Mahammad Hadi started his career as a poet in 1905 with writing several poetries in the newspapers and was able to know among local readers. Due to his success, one of his close friends, Mustafa Lutfi (the publisher the "Burhani-Tereggi" newspaper in Astrakhan) called him for working in his newspaper. With considering his friend's request, in 1905, Hadi went to Astrakhan and started to work there. At that time, Mahammad Hadi was also writing educative articles and poetries in Heyat", "Fuyuzat" və "Burhani-Tereggi" journals that aimed to attract the attention of ordinary people to the importance of science. Hadi came to Baku in 1906 at the request of Ali Bey Husseinzade and worked in the "Fuyuzat" journal. After "Fuyuzat" was closed, he worked in "Taza Hayat" and "Ittifak" newspapers.

During the 1907–1908 years, Mahammad Hadi was already considered one of the important figures of Azerbaijan poetry because his writings directly or indirectly contained and emphasized the concept of freedom. Neghmeyi-ehrarane", "Dushizeyi-hurriyete", “Huriyi-herriyete", "Edvari-teceddud", "Esari-inqilab" were considered the main the examples of his poetries written on the concept of freedom.

In 1910, Hadi went to Istanbul, Turkey, and started to work at "Tenin" the newspaper that used to publish by Tofig Fikret and Hussein Javid. Because of his fluency in the Oriental languages, he worked as an interpreter. His several poetries and articles translated from different languages were published in this newspaper. In that time, his poetries was famous not only Turkey but also in the Middle East. In addition, his "Funun and Ma'arif" poetry was translated into Persian and published in India.

In 1911–1912, along with "Tenin", the poems, articles, translations of Mahammad Hadi were published in different journals such as "Rubab", "Shahbal", "Mekhtab" and "Shahrahi-Sebah". Here he devoted several poetries to the revolutionary poet of Turkey, Tofig Fikret.

In 1913, the Ottoman government arrested Hadi due to his opposite views and exiled to Thessaloniki.
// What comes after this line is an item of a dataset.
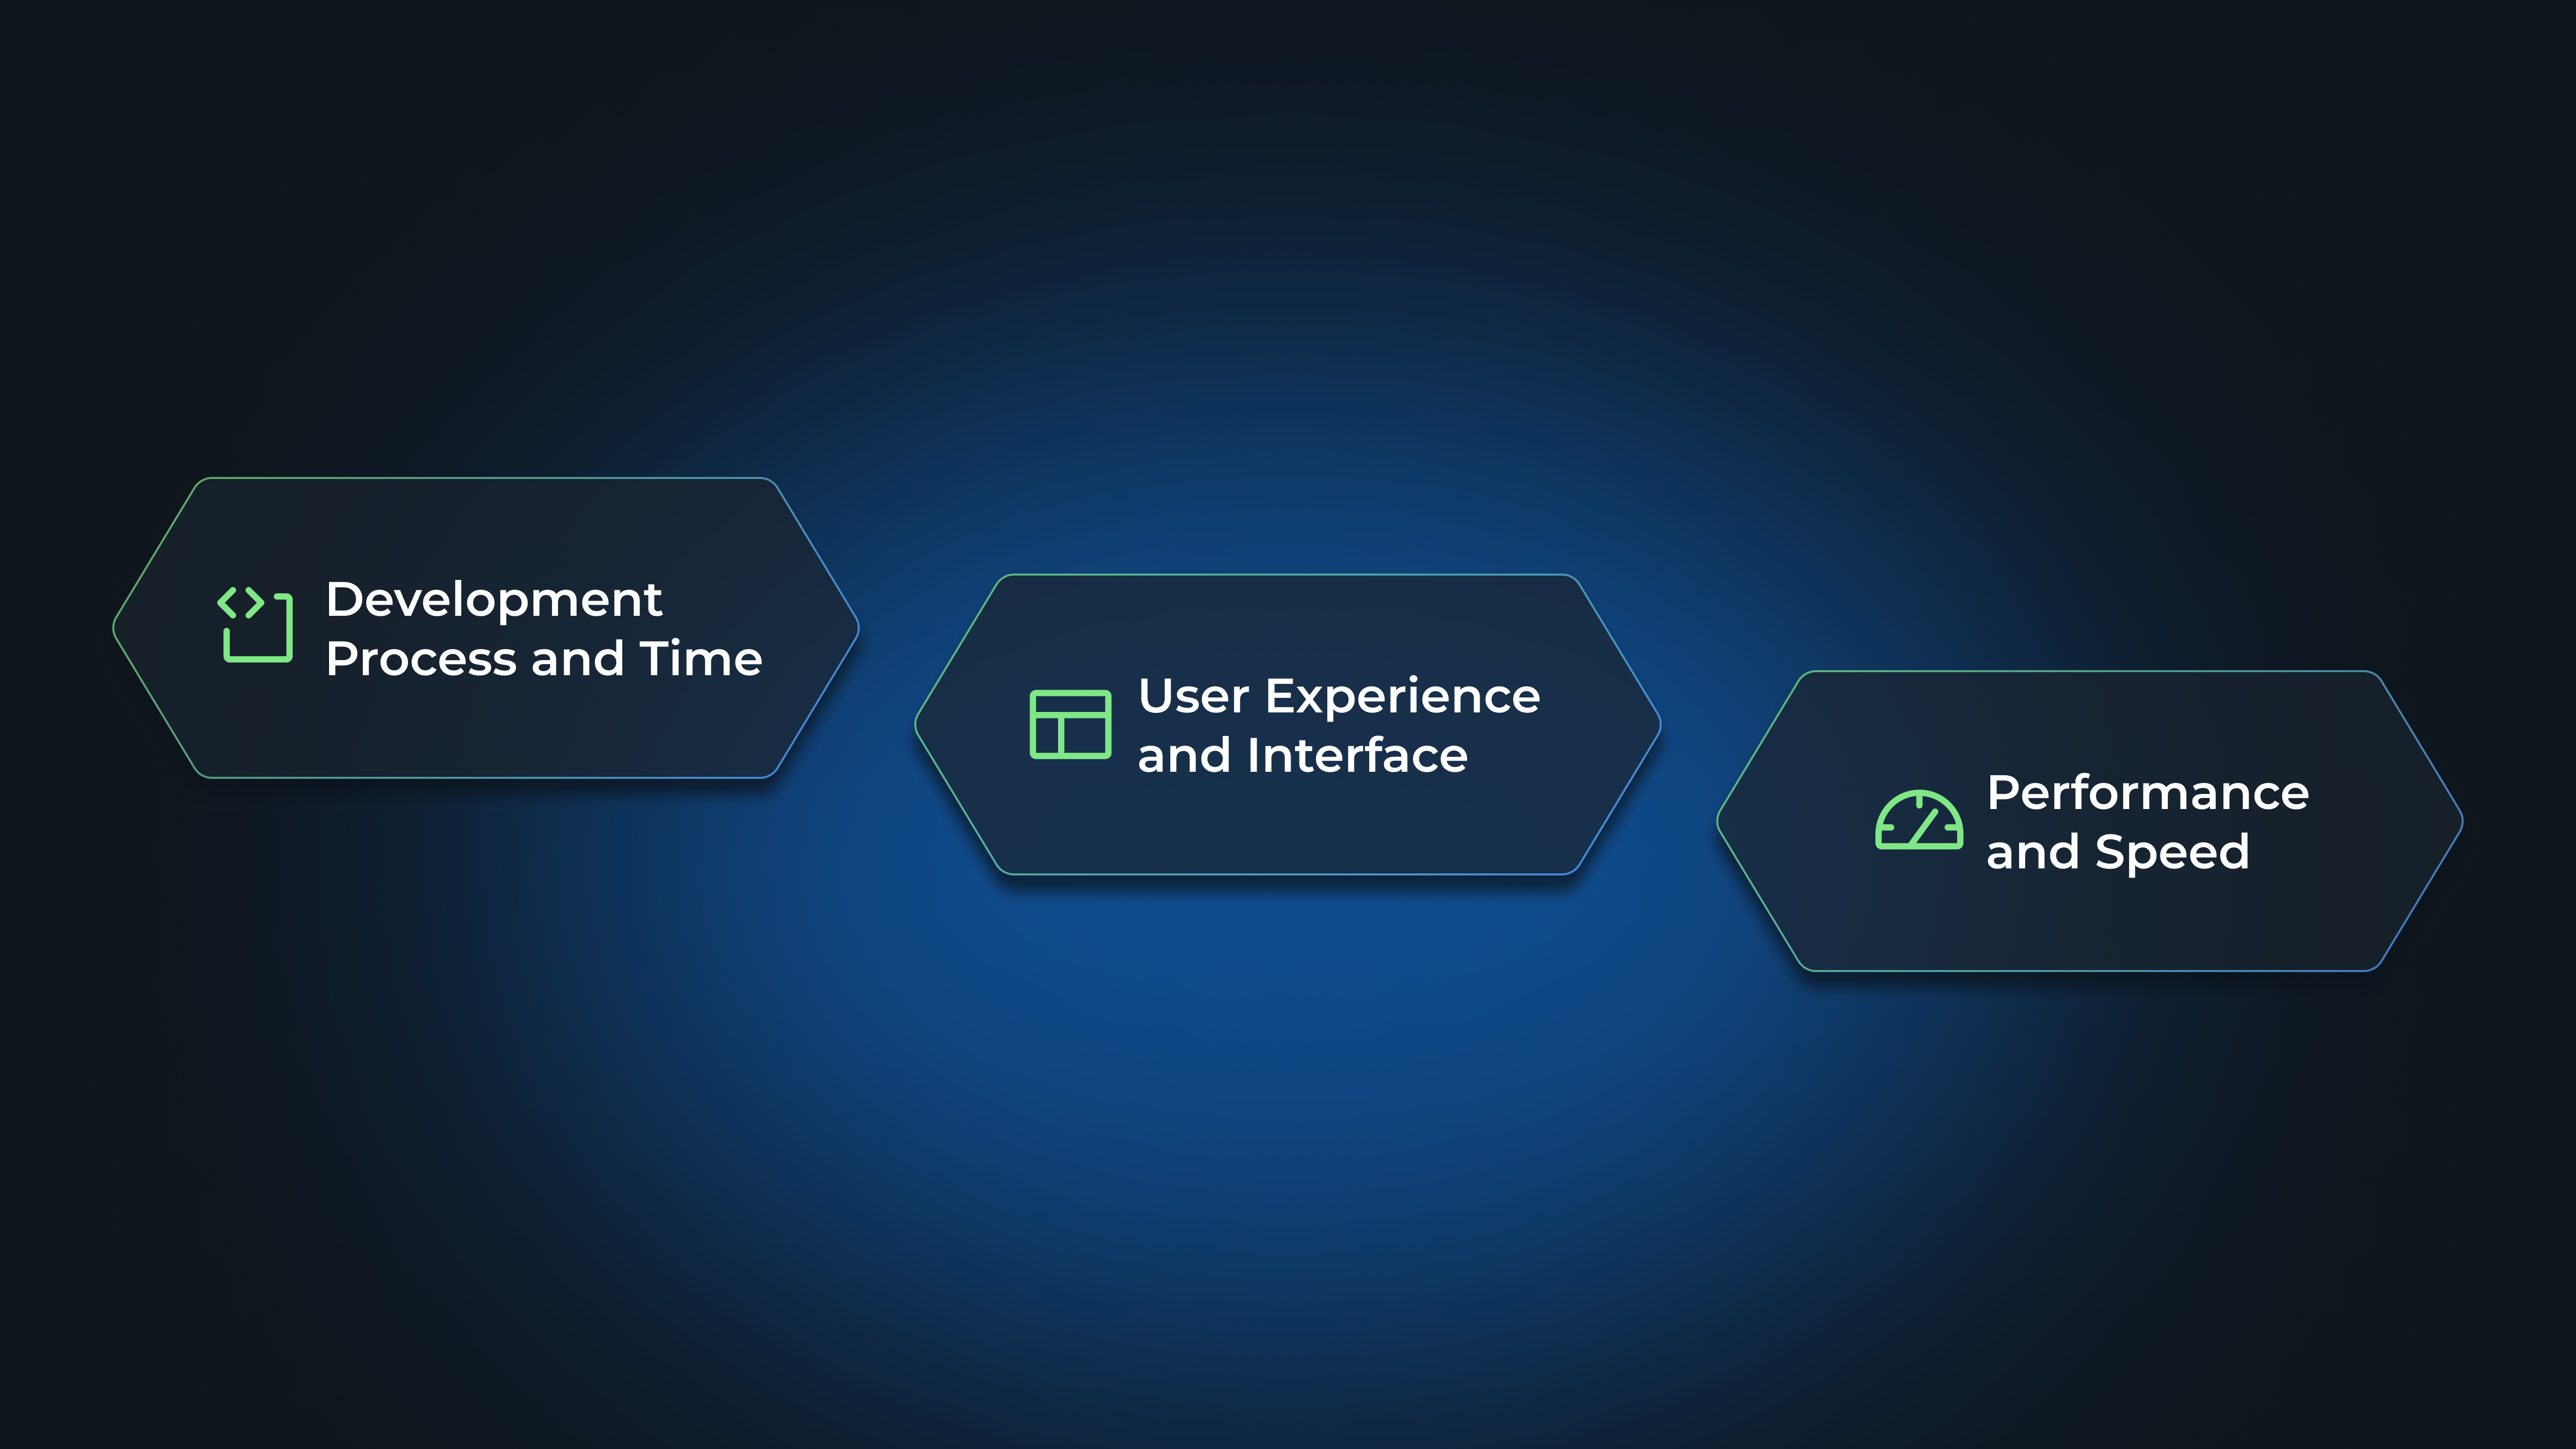 Development Process and Time, User Experience and Interface, Performance and Speed

Nevertheless, Mahammad Hadi was able to return to Baku in 1914. At that year, Hadi started working in the editorial office of the “Iqbal” newspaper. He published more than 20 rubai from Omar Khayyam to Azerbaijani during that year.

Along with the Iqbal newspaper, Hadi published his articles in "Basirat" newspaper starting from April 12, 1914.

In 1915, he was sent Austrian front within “Savage Division” of Muslims and served as Imam of the Muslim soldiers. After returning from the war, Mahammad Hadi resided in Ganja and then came to Baku in 1918.

His poems were collected and published in four books between 1918 and 1919 and. “Alvahi-intibah” was considered the most important among his poems.